К сумеркам ветер стих, волнение моря стало успокаиваться. Настал тот длинный, растянутый час вечерней зари, когда природа словно извинялась за доставленные хлопоты дня, и за её бледной растянутой улыбкой, смыкающей бескровные губы моря и неба, чудился абсолютный предел всякого земного существования.

***
Очнулся он в больнице, очевидно и безусловно живой, лишь под капельницей, из которой по капле стекал в его вену физраствор. В месте прокола, под пластырем, рука очень сильно чесалась. Лицо тоже. Ощупав другой рукой подборок и щёки, он понял, что его капитально побрили, сняли бороду и даже постригли густые кустистые брови. Волос на голове также не было. Всё тело чесалось от чистоты. Наверное, таким голым и чистым он бывал лишь в роддоме.
Чувствуя себя новорождённым, он и говорил не больше новорождённого. На вопросы врачей отвечал односложно «да-нет» и делал так равнодушно, будто проходил проверку на полиграфе.

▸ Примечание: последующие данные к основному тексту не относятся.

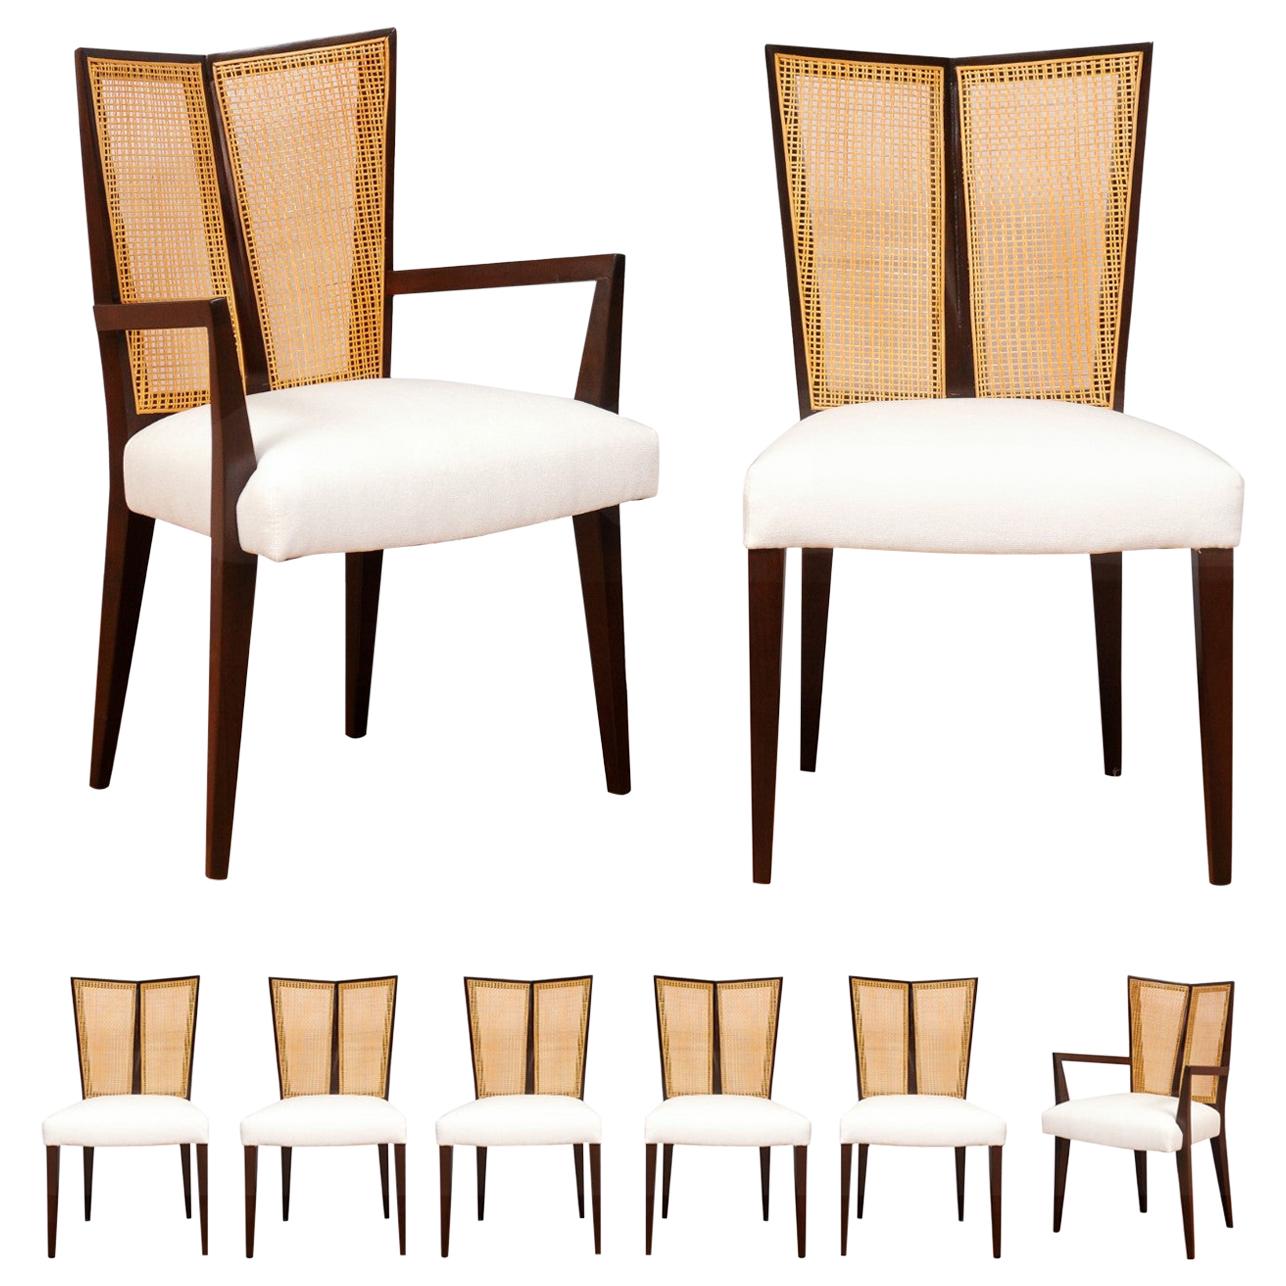 Breathtaking Set of 8 Modern V-Back Cane Chairs by Michael Taylor, circa 1960 For Sale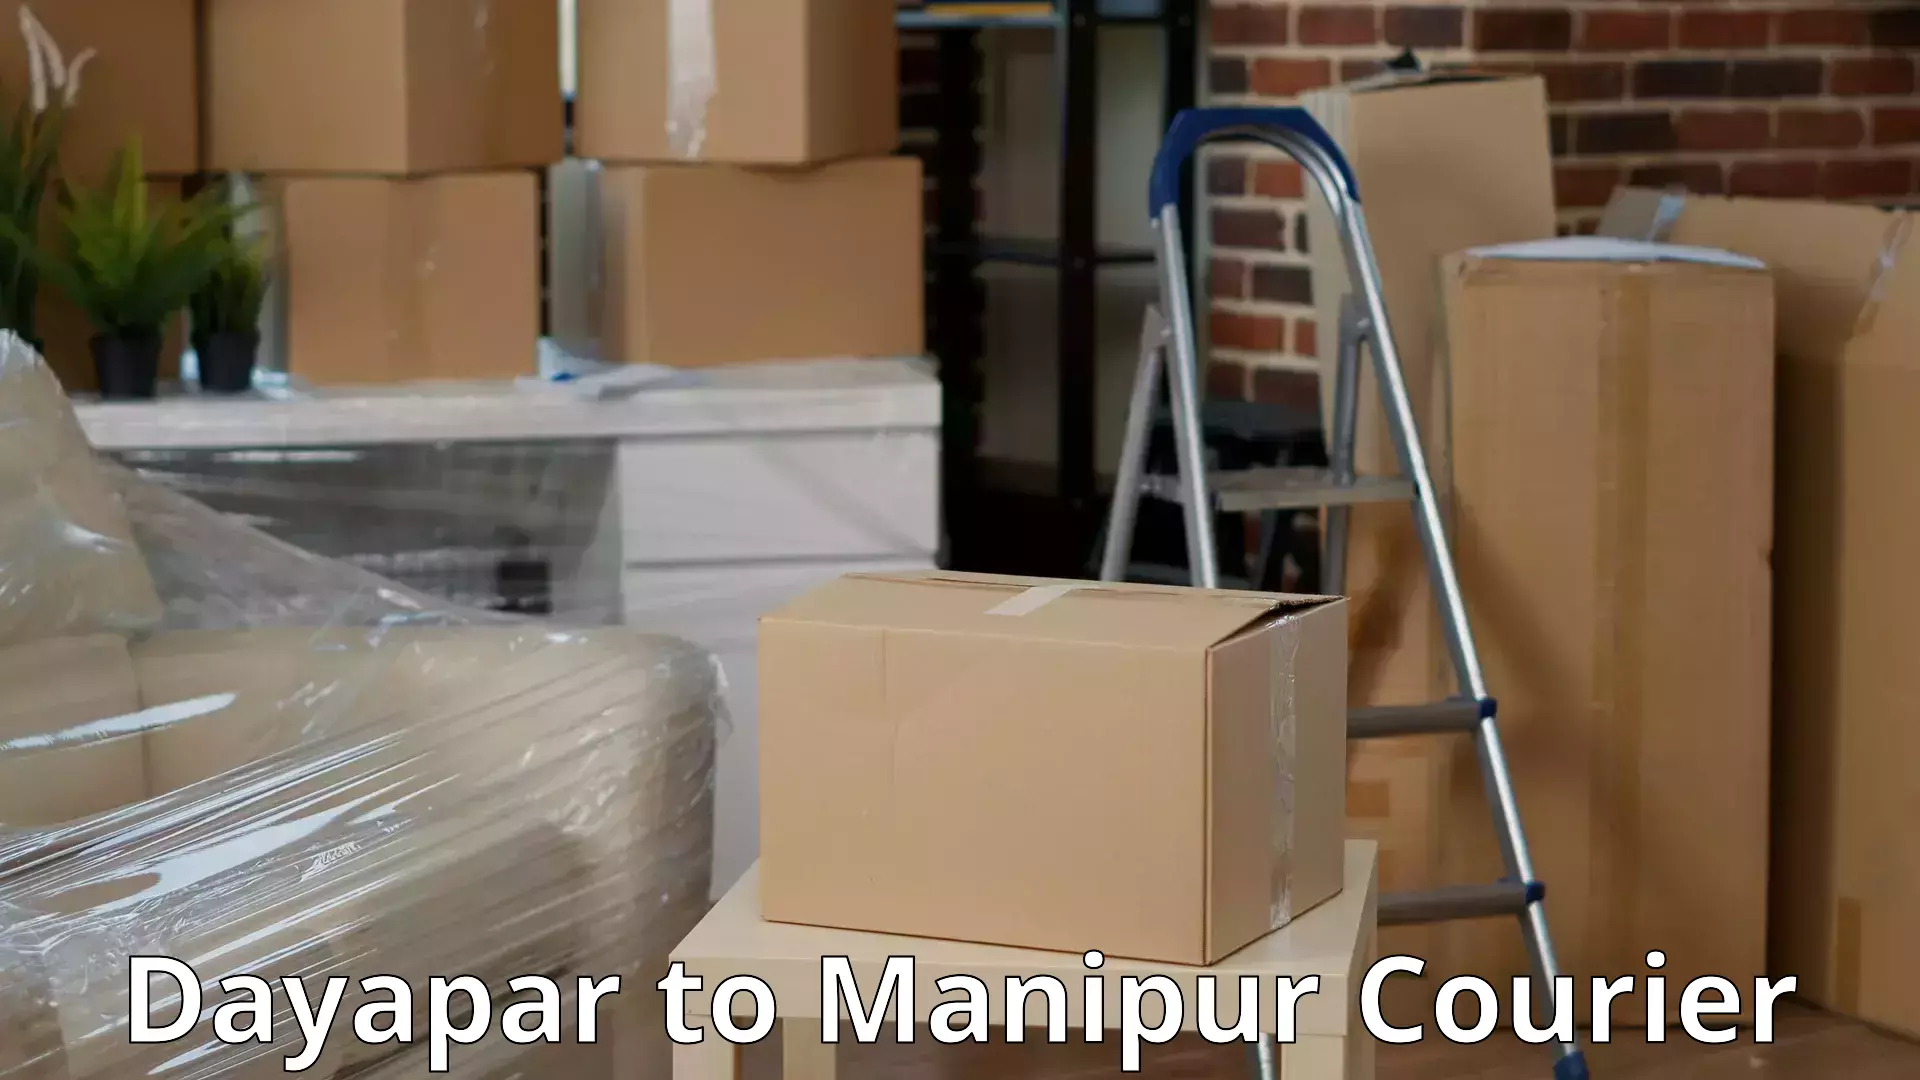 Moving and packing experts Dayapar to Manipur

Ему было все равно, сколько раз он будет пойман на лжи. Много разговаривал он только во сне, пугая соседей по палате.
– Ну, ты и болтать, мужик! – упрекали его утром.
– Что?
– Разговариваешь, чё! Говоришь всякое.
Он извинялся, и это его «простите, мужики» оставалось едва ли не самым длинным высказыванием за всё то время, пока он лежал в больнице.
За всё это время его навестили его только два человека: молоденький милиционер, словно стесняющийся погон младшего лейтенанта, на которые он беспрестанно надёргивал просторный белый халат, и Фёдор Копыто, сосед, мужик из ближайшей жилой деревни, которая находилась на другом берегу и вниз по реке.
Фёдор пришёл в больницу как будто только затем, чтобы тяжело, горестно повздыхать. Он качался на стуле и шмыгал носом, ходившим из стороны в сторону, как разболтанная уключина, кряхтел и моргал красными глазами, в каждом из которых уныло плавал чёрный зрак – словно головка вспыхнувшей, но не зажёгшейся спички. Фёдор считал себя жестоко обманутым жизнью и судьбой. А всё из-за того, что Зварнов сманил у него любимую охотничью собаку – престарелую Пальму. Нет, поначалу-то Фёдор даже обрадовался, потому что животину не нужно больше кормить, а пристрелить было жалко. Вот только Пальма, отпущенная на волю, неожиданно забеременела и принесла двух щенков. Из жадности Фёдор сразу забрал себе одного – того, что покрепче. Однако крепыш оказался не жилец, а дохляк Тузик вымахал в здоровенного пса.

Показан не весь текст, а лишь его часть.